Diese Einstellung zieht sich oft durch mehrere Lebensbereiche. Das Studium muss perfekt sein, die Arbeit muss perfekt sein, der Haushalt muss perfekt sein, die Frisur perfekt sitzen und schlussendlich muss auch die Beziehung perfekt sein – wie auch immer das aussehen soll.

Und dabei kreist der Betroffene immer angstvoll um sich selbst mit der Frage: „Wie viel Selbstbewusstsein darf ich mir aufgrund meiner Leistungsfähigkeit gönnen?“

2. Adaptiver Perfektionismus

Ganz anders sieht es aus mit dem konstruktiven Umgang mit seinem Perfektionismus. Hier geht es nicht darum, mit seiner Leistung sich selbst als Person aufzuwerten. Das Ich tritt in den Hintergrund, stattdessen wird aus einer intrinsischen Motivation (zu den Themen intrinsische und extrinsische Motivation habe ich einen Artikel geschrieben *Klick*) heraus an einer Sache gearbeitet, bis sie (soweit möglich) dem Ideal entspricht. Es ist die Freude an der Perfektion, die Freude an der Vollkommenheit. Das Projekt wurde sich “zu eigen” gemacht und repräsentiert auf eine natürliche Weise einen Teil des Selbst.
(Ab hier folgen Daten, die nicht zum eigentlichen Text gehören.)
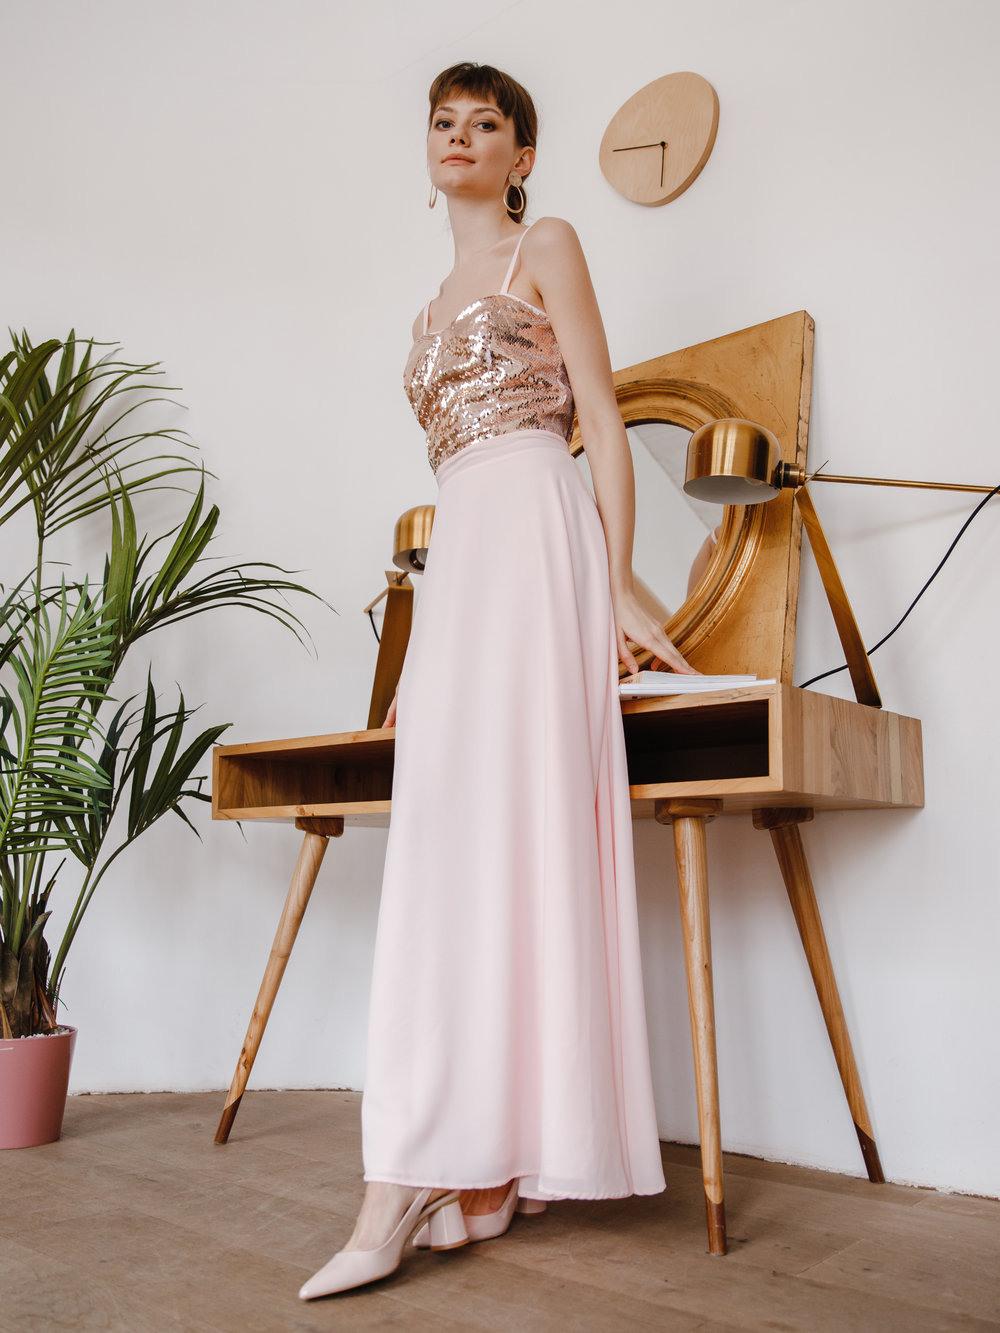 20 Perfekt D Abendkleid für 201913 Spektakulär D Abendkleid Vertrieb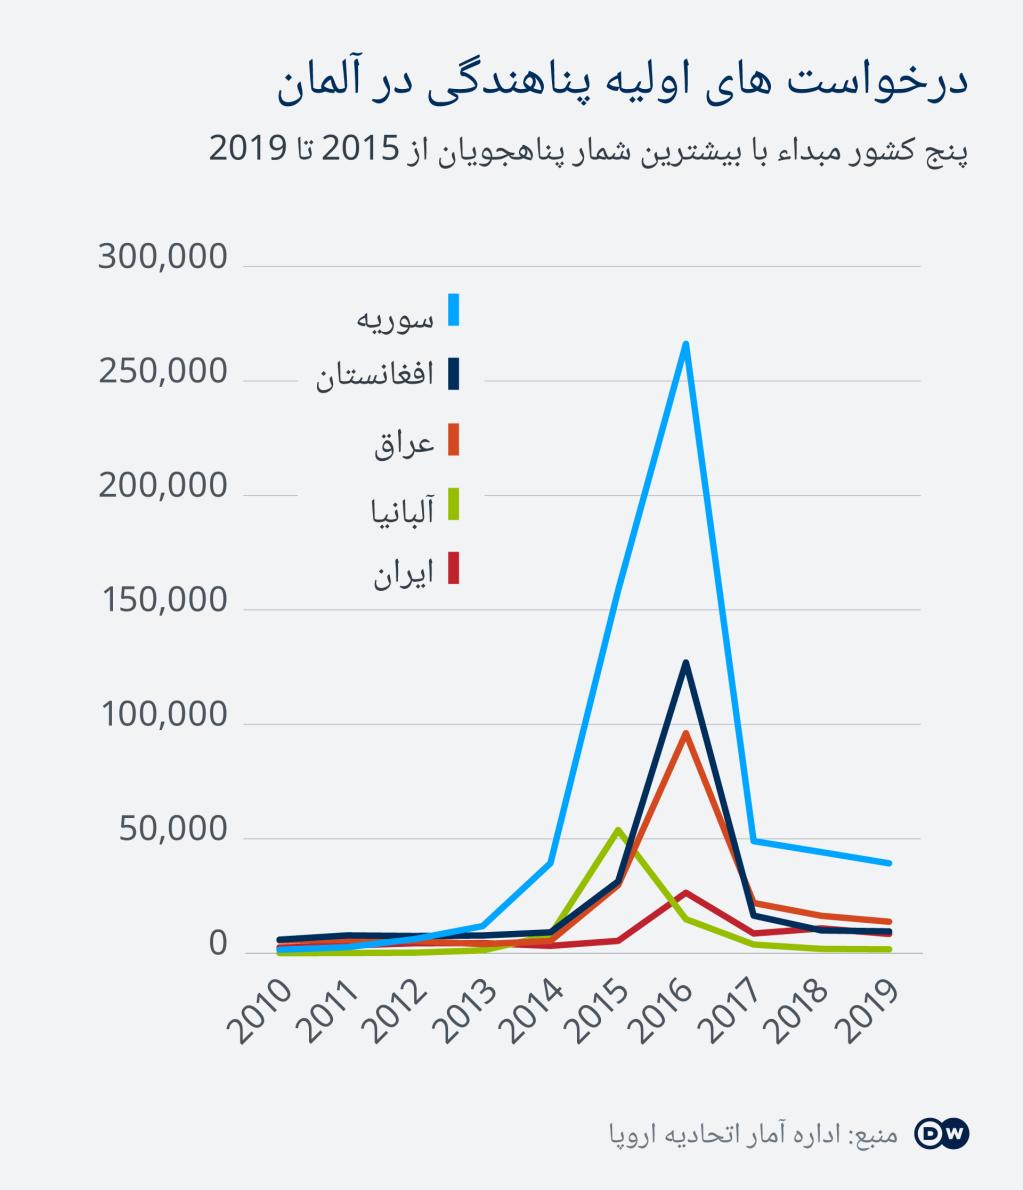 افغانستان پس از سوریه در جایگاه دوم قرار دارد

Statt um das eigene Ich kreisen die Gedanken um die Sache: “Wie schaffe ich es, dass es richtig gut wird?”

Statt sich von Fehlern unterkriegen zu lassen, nutzen adaptive Perfektionisten Misserfolge als Fehlerquelle. Ihnen bringt es Freude, sich in Herausforderungen zu stürzen und sind zuversichtlicher, was ihre Erfolgswahrscheinlichkeit angeht. Sie sind insgesamt stabiler, der Selbstwert weniger stark leistungsabhängig. 

Wer sagt, was gut ist?

In einer Welt, in der wir bereits im Kindesalter gelernt haben, dass es wichtiger ist, für andere Menschen Leistungen zu bringen und in der uns gesagt wird, unsere eigenen Interessen und Projekte seien weniger wichtig, nimmt der angsterfüllte Perfektionismus Überhand. Die eigene Wahrheit verliert immer mehr an Bedeutung.

Wir müssen erst wieder lernen, aus einem eigenen Bedürfnis heraus Leistungen zu vollbringen, die wir als Expression unseres Selbst erleben. In der schon die Phase der Herstellung eine solche Freude bereitet, dass das Ergebnis fast schon in den Hintergrund tritt.

Doch in einer Welt, in der wir mit unserer Leistung unser Leben finanzieren, ist es schwierig von seinen Ängsten abzulassen. Hier hilft nur eines: Schritt für Schritt Selbstvertrauen aufbauen. Vertrauen in die eigene Persönlichkeit, die eigenen Fähigkeiten und schlussendlich das Vertrauen in die eigene Wahrheit.

Denn Vertrauen ist der Antagonist der Angst.